# WHAT TO DO:
In this exercise, the entries below include pictures. Repeat exactly the lines from the line with "Anders Hultqvist, foto: Johan" to the line with "Hotels Luxury Travel", including both, but without the pictures.

# ENTRIES PROVIDED:
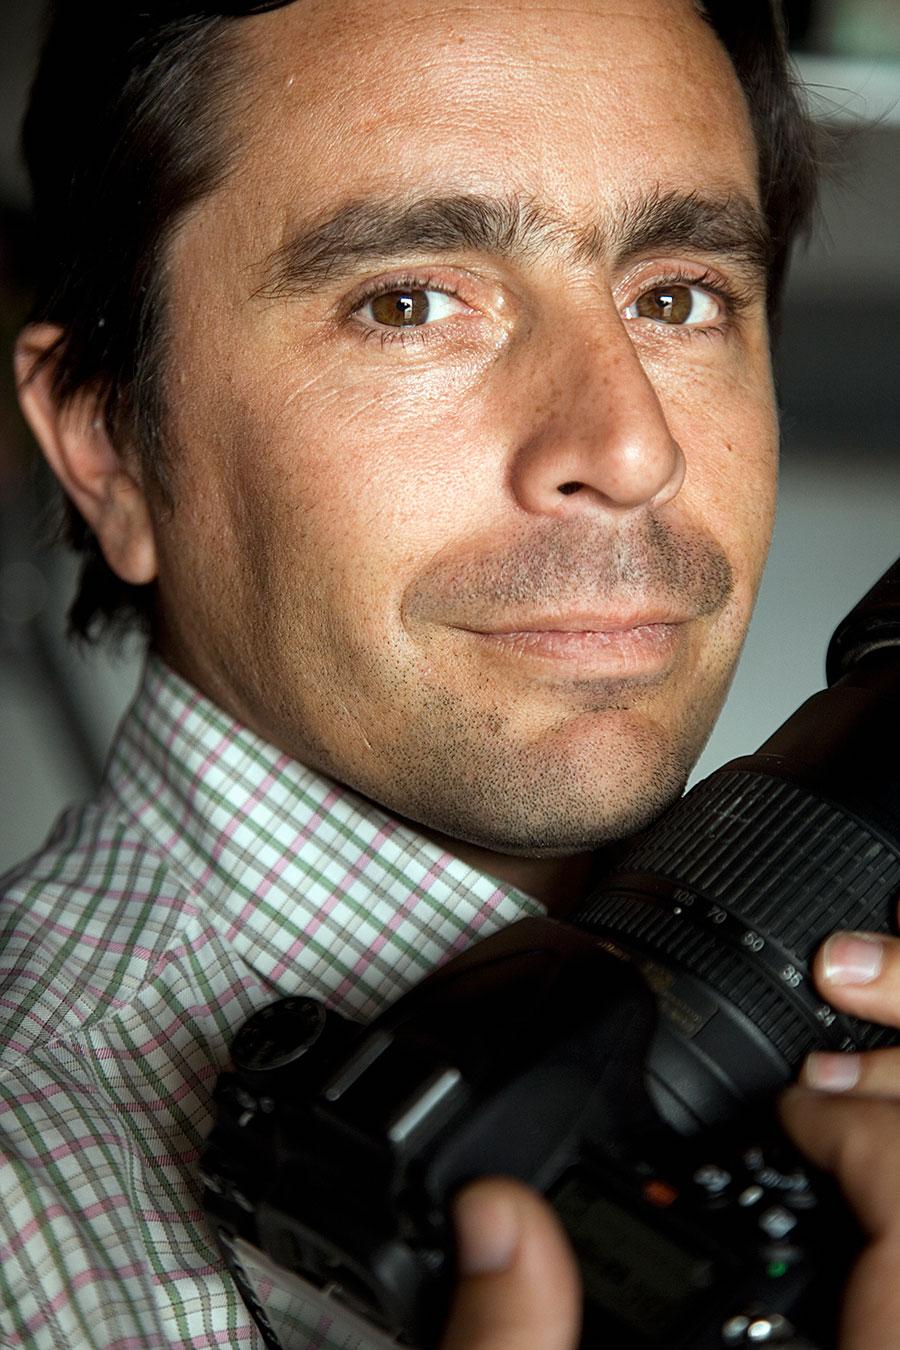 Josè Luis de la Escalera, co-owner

* * *

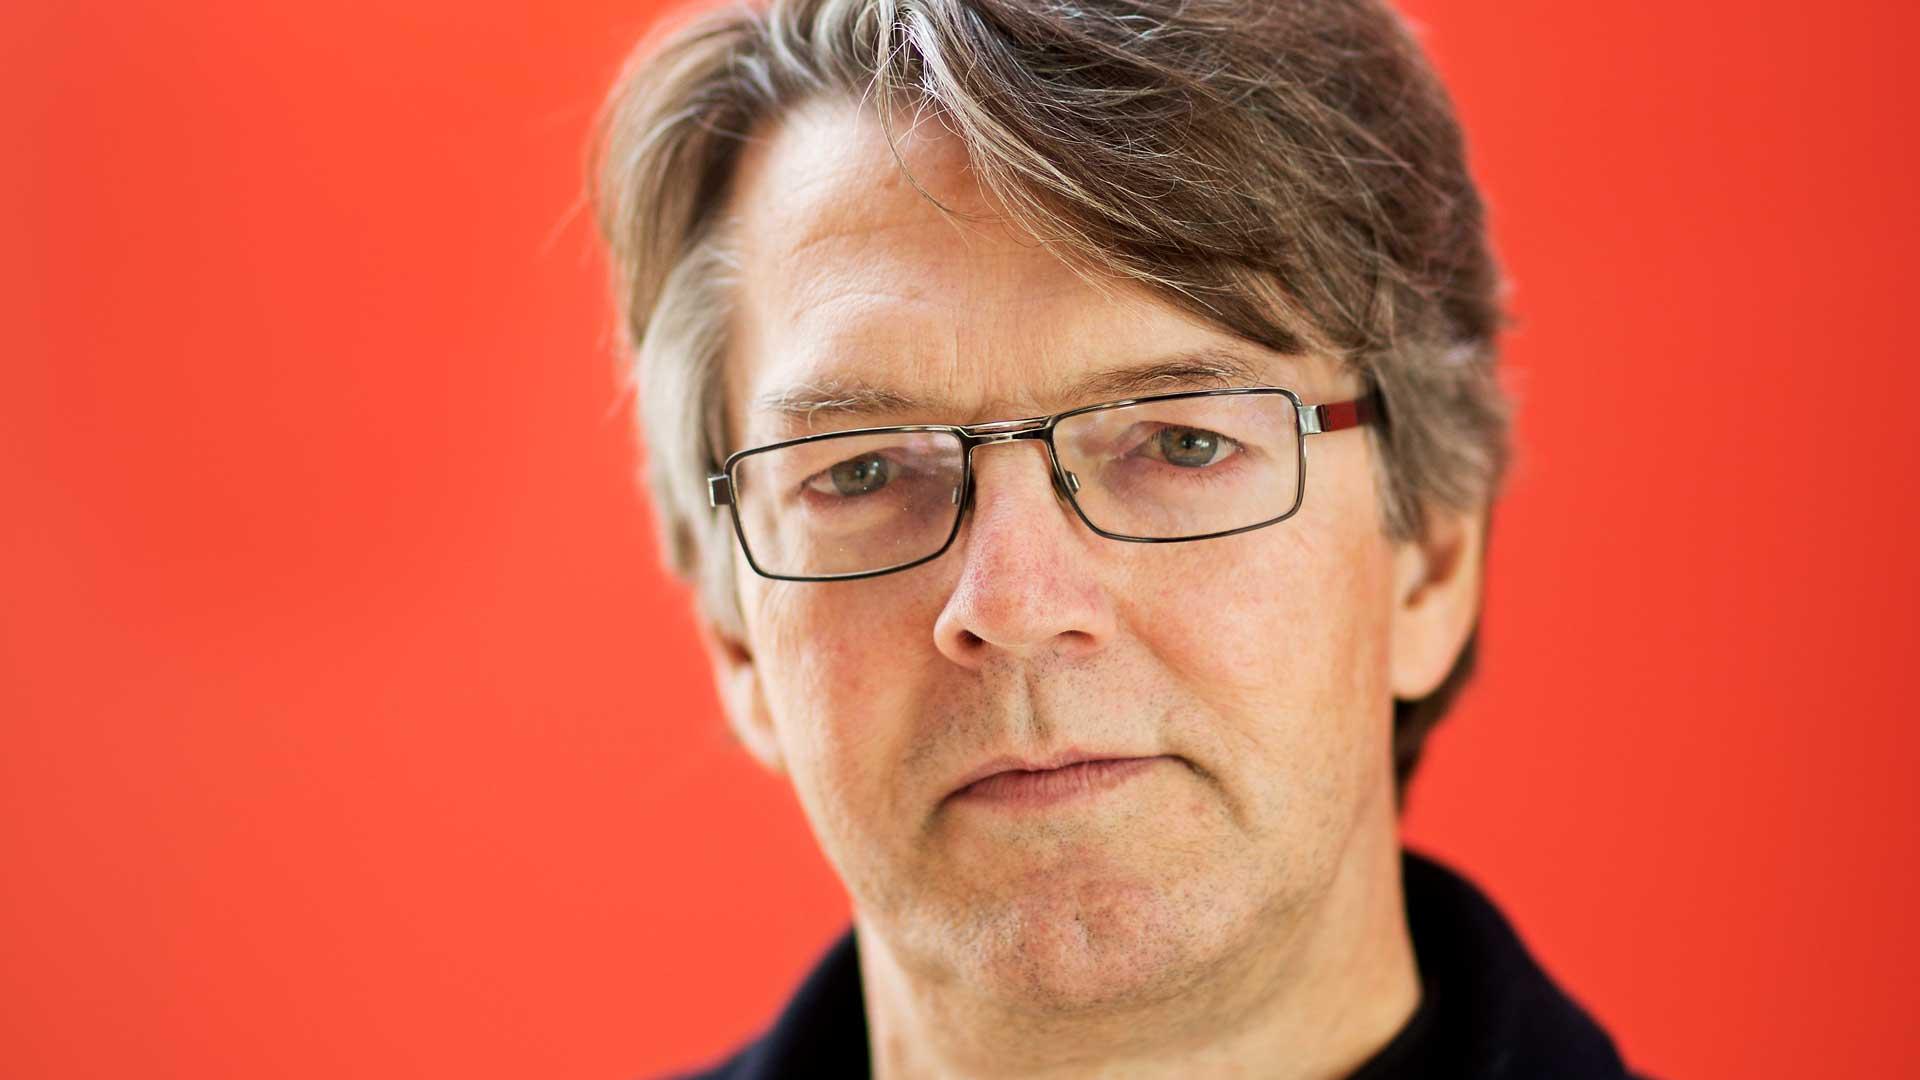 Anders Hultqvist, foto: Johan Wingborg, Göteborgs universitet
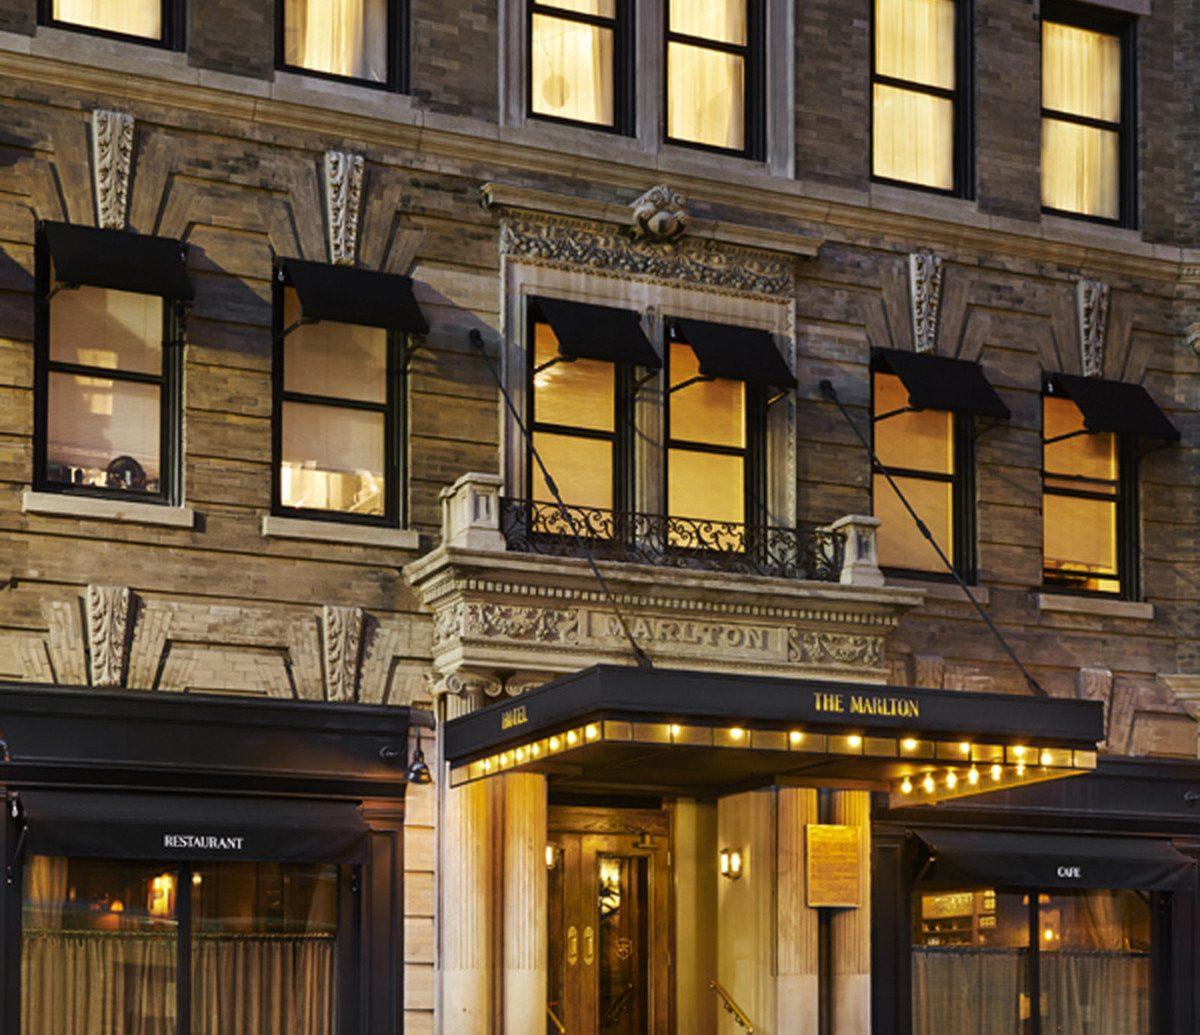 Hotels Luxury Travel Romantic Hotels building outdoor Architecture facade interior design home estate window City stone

# SOLUTION TO THE EXERCISE:
 Anders Hultqvist, foto: Johan Wingborg, Göteborgs universitet
 Hotels Luxury Travel Romantic Hotels building outdoor Architecture facade interior design home estate window City stone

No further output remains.